Before looking at brucellosis-specific responses, it’s worth understanding who was surveyed, since every objective will use these demographic and livelihood variables as explanatory factors.
| ward | n_households | pct |
|---|---|---|
| Garbatulla | 174 | 42.5 |
| Kinna | 144 | 35.2 |
| Sericho | 91 | 22.2 |
The survey spans three wards (Garbatulla, Kinna, Sericho), each split into a “main” town area and a “reserve” (more remote pastoral) area, giving six location strata in total. Garbatulla ward has the largest share of the sample, Sericho the smallest.
| Statistic | Value |
|---|---|
| Mean age | 43.6 |
| Median age | 40.0 |
| % Female | 44.0 |
| Mean household size | 7.0 |
| Mean years schooling | 4.8 |
| % No formal education | 51.5 |
The sample is mostly pastoralist, which fits the research context well since brucellosis is fundamentally a disease of livestock-keeping populations.

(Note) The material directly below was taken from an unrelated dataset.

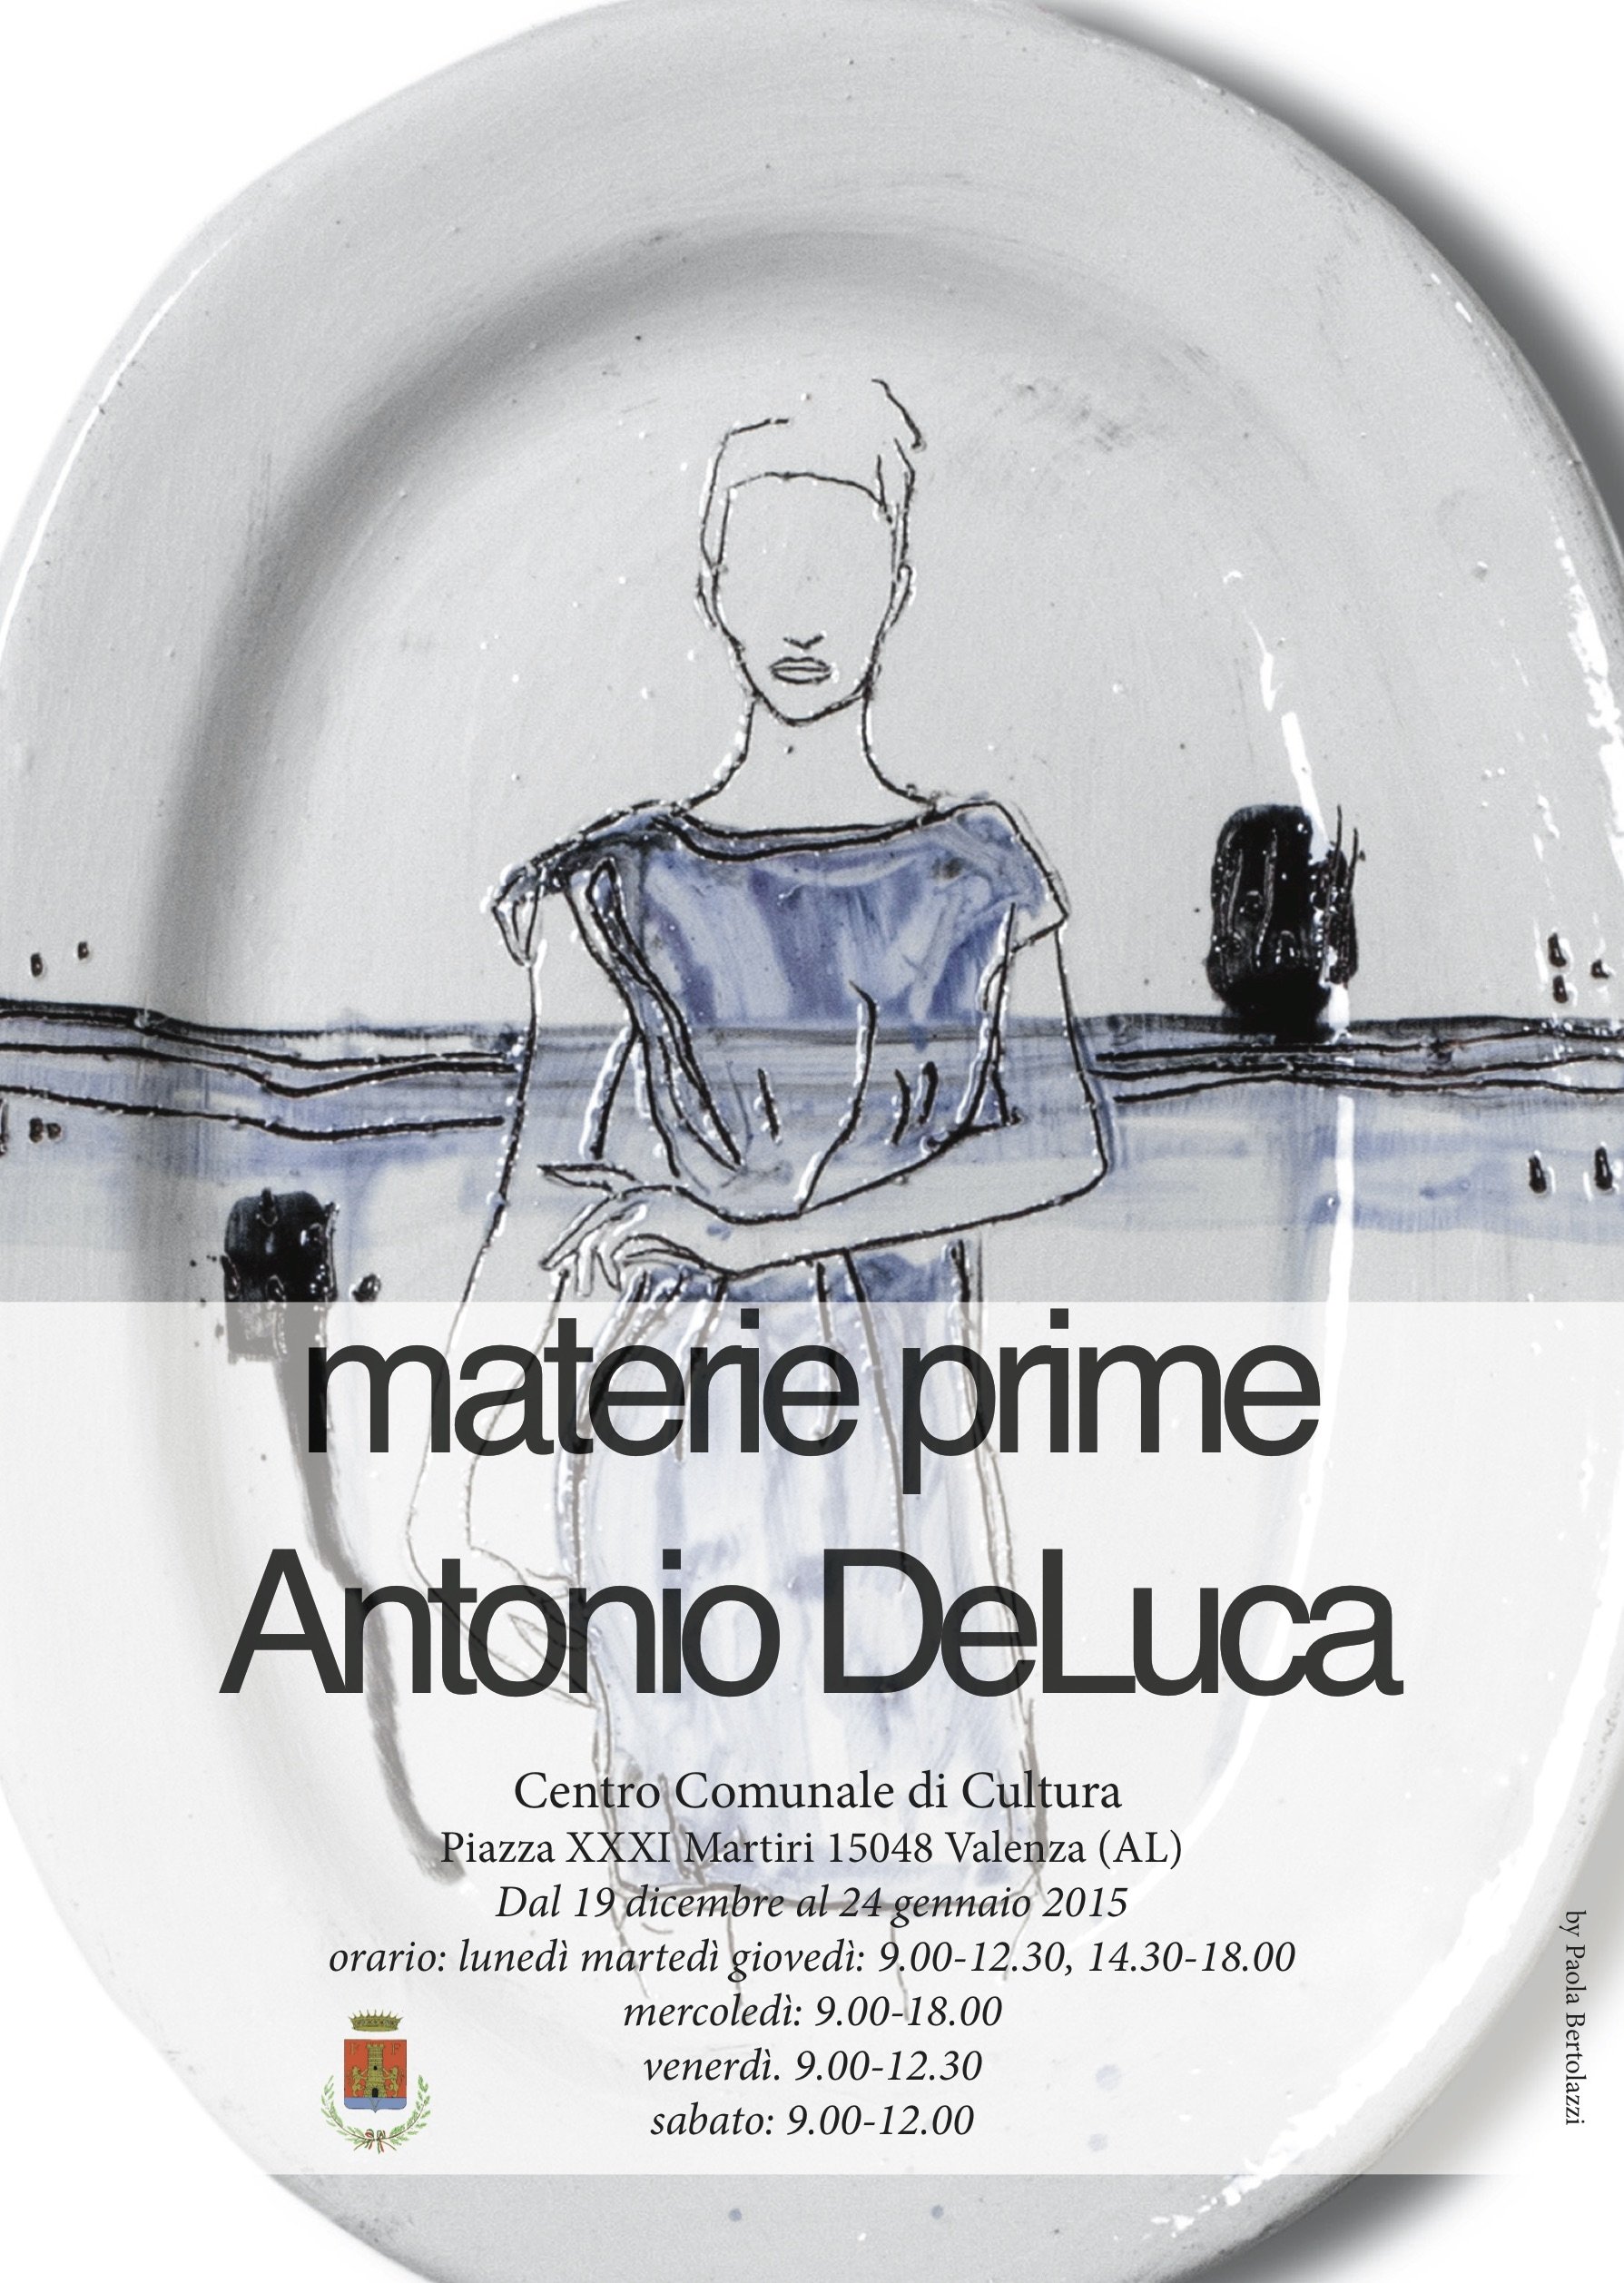 Le Materie prime di Antonio De Luca a Valenza

For Objectives 1 and 2 (factors associated with knowledge, and management practices), age_group, edu_cat, sex, income_source, and no_hh_members are all fully populated (100% or near-100% coverage) and ready to be used as explanatory variables. There is enough spread across age groups and education categories to support meaningful comparisons.
We are trying to answer how many households have heard of brucellosis, and among those who have, how much do they actually know about it?
84.1% of respondents (344 of 409) reported having heard of brucellosis before. This is the key skip-logic gate for the rest of the knowledge section , only these 344 respondents went on to answer the detailed knowledge items below.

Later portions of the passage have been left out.